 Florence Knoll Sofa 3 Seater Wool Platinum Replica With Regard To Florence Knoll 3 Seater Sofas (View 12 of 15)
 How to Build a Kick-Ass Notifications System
◇ ◇ ◇
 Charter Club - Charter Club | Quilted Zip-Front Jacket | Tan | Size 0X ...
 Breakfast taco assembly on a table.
◇ ◇ ◇
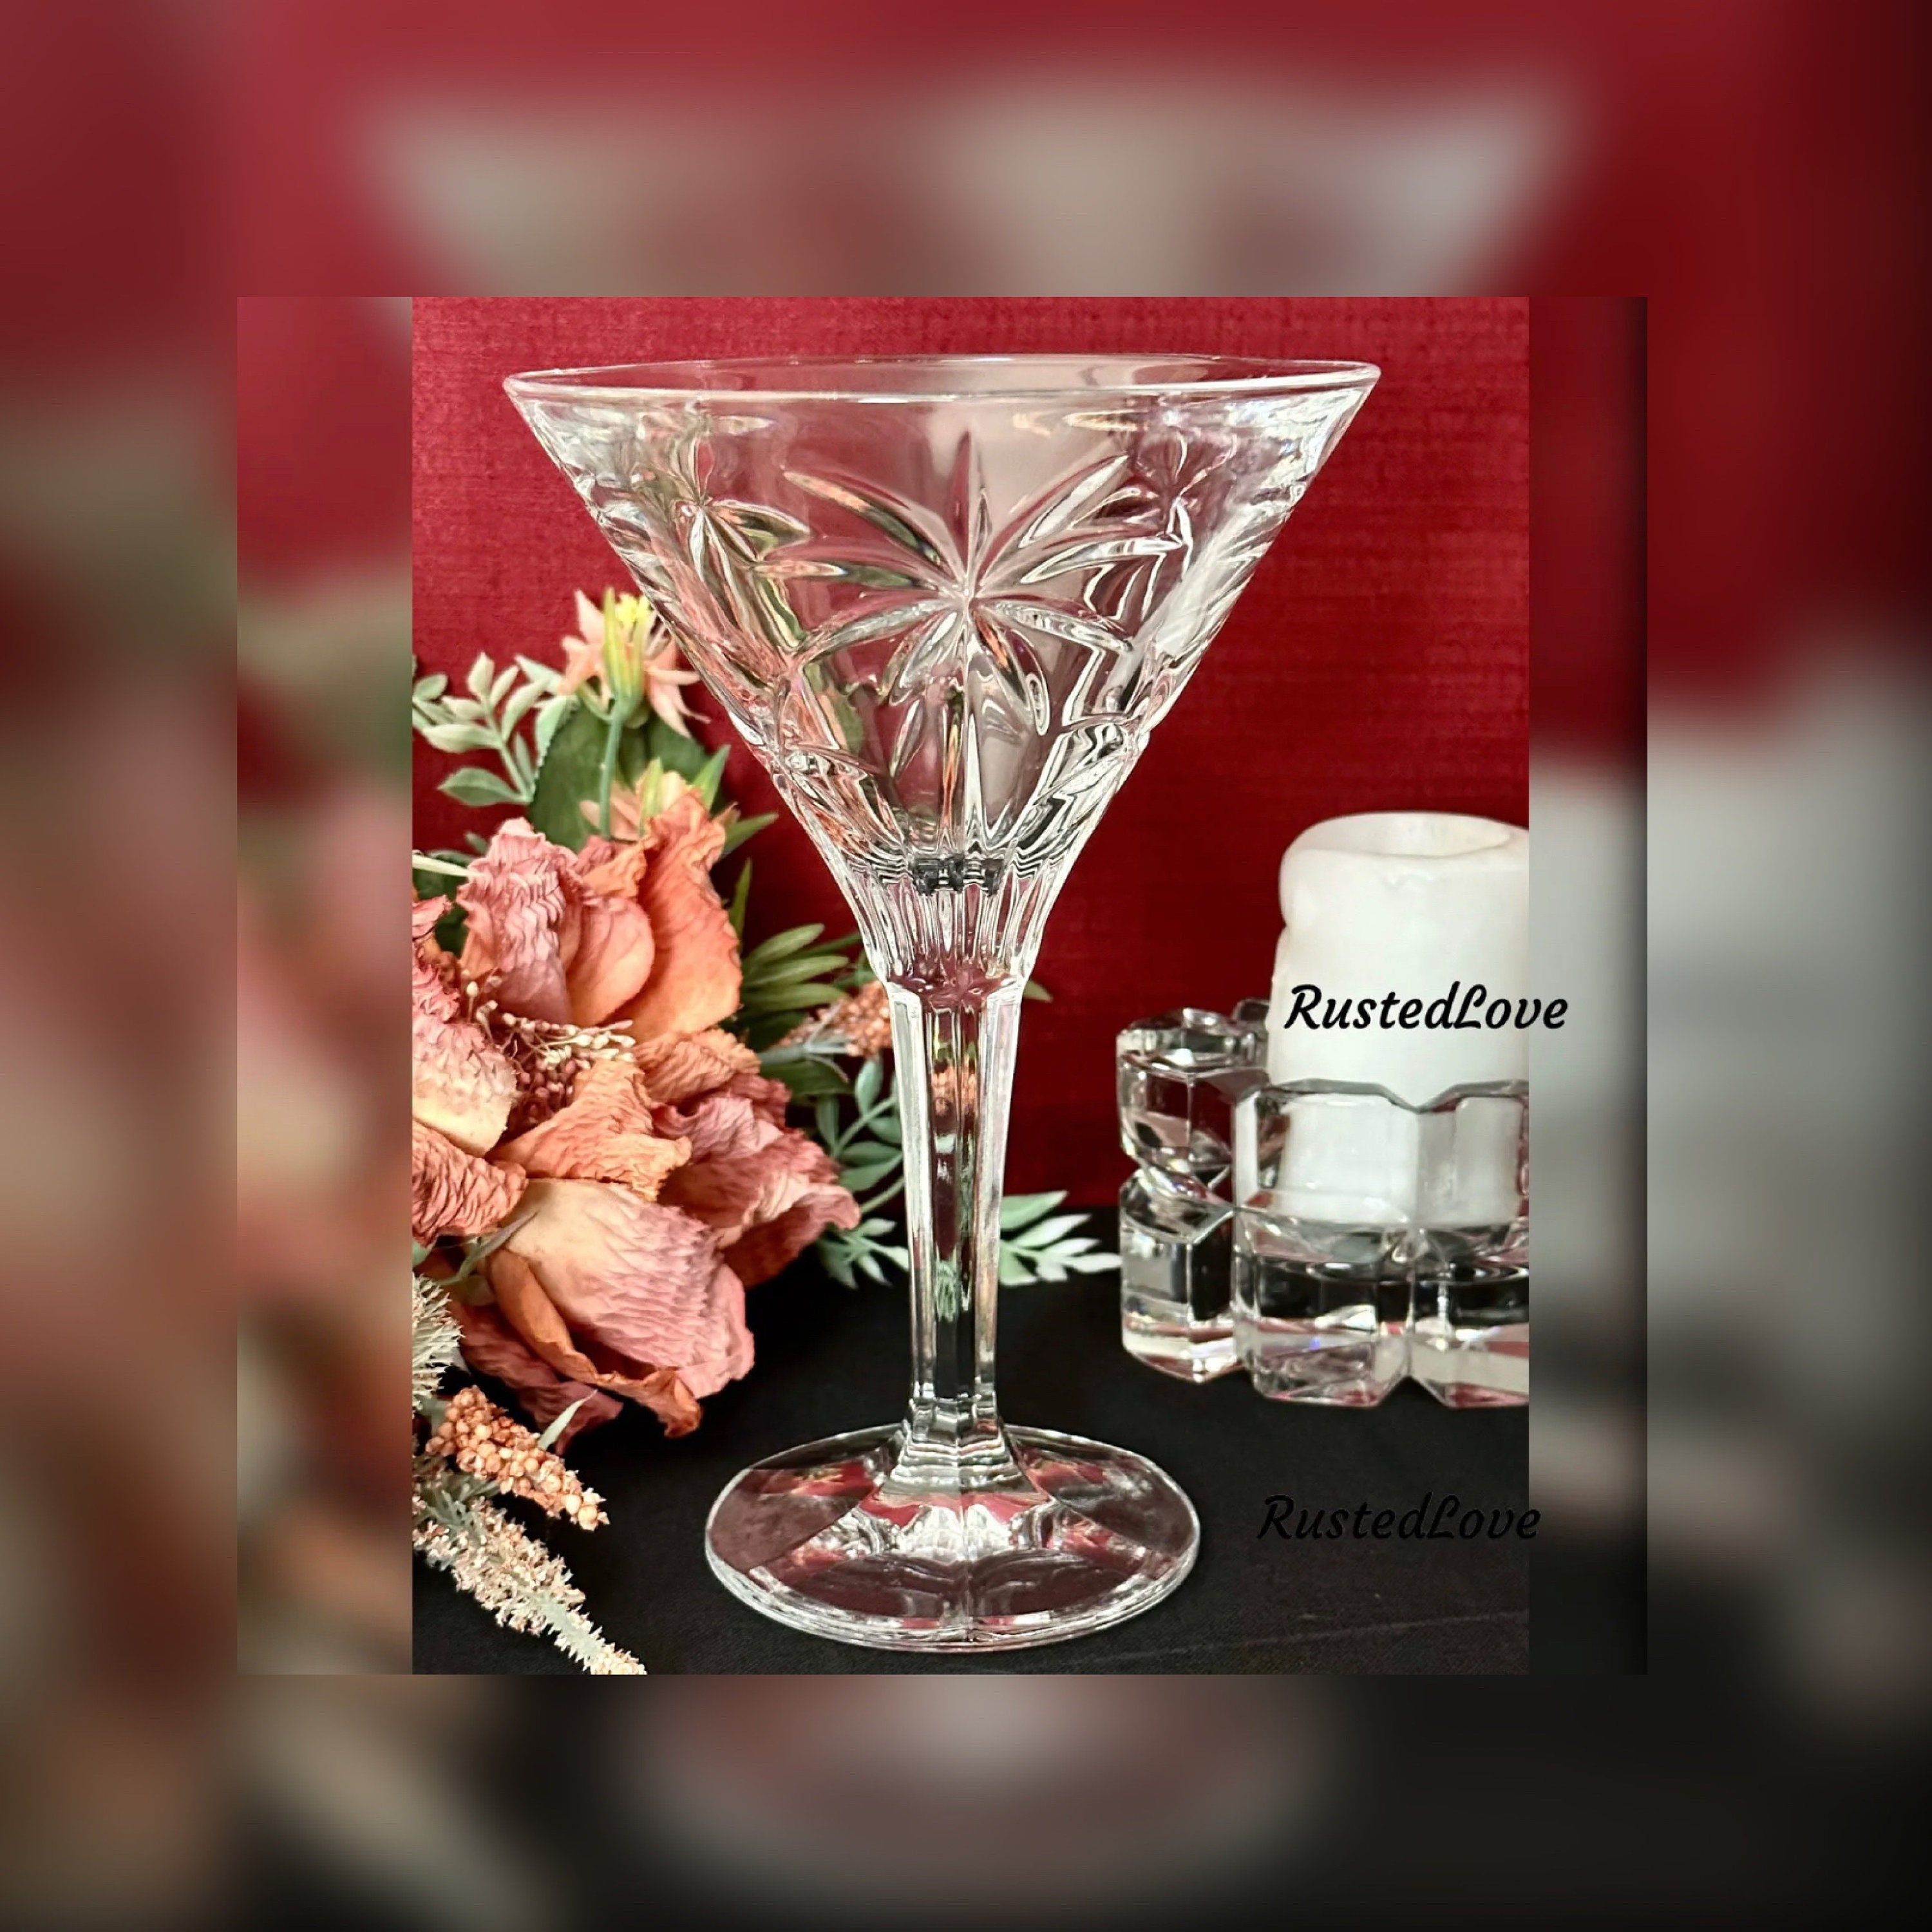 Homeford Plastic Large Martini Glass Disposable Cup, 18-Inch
◇ ◇ ◇
* **What is required**
Of the lines above, retype only those from the line containing "Florence Knoll Sofa" through the line containing "How to Build a Kick-Ass Notifications System", including both, exactly.

* **Exercise answer**
 Florence Knoll Sofa 3 Seater Wool Platinum Replica With Regard To Florence Knoll 3 Seater Sofas (View 12 of 15)
 How to Build a Kick-Ass Notifications System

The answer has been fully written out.